Stored items from a collection:

════════════════

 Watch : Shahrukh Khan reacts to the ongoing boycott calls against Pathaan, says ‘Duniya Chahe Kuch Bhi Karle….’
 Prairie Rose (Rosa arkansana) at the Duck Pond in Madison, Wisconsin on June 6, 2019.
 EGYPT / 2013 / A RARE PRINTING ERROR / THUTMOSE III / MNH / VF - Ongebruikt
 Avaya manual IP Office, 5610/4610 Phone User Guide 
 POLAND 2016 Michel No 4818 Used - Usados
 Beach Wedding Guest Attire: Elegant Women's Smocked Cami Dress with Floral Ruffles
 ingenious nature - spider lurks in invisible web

════════════════

EXERCISE INSTRUCTIONS: Each entry above is to be transcribed without alteration.

RESULT OF THIS TASK:
 Watch : Shahrukh Khan reacts to the ongoing boycott calls against Pathaan, says ‘Duniya Chahe Kuch Bhi Karle….’
 Prairie Rose (Rosa arkansana) at the Duck Pond in Madison, Wisconsin on June 6, 2019.
 EGYPT / 2013 / A RARE PRINTING ERROR / THUTMOSE III / MNH / VF - Ongebruikt
 Avaya manual IP Office, 5610/4610 Phone User Guide 
 POLAND 2016 Michel No 4818 Used - Usados
 Beach Wedding Guest Attire: Elegant Women's Smocked Cami Dress with Floral Ruffles
 ingenious nature - spider lurks in invisible web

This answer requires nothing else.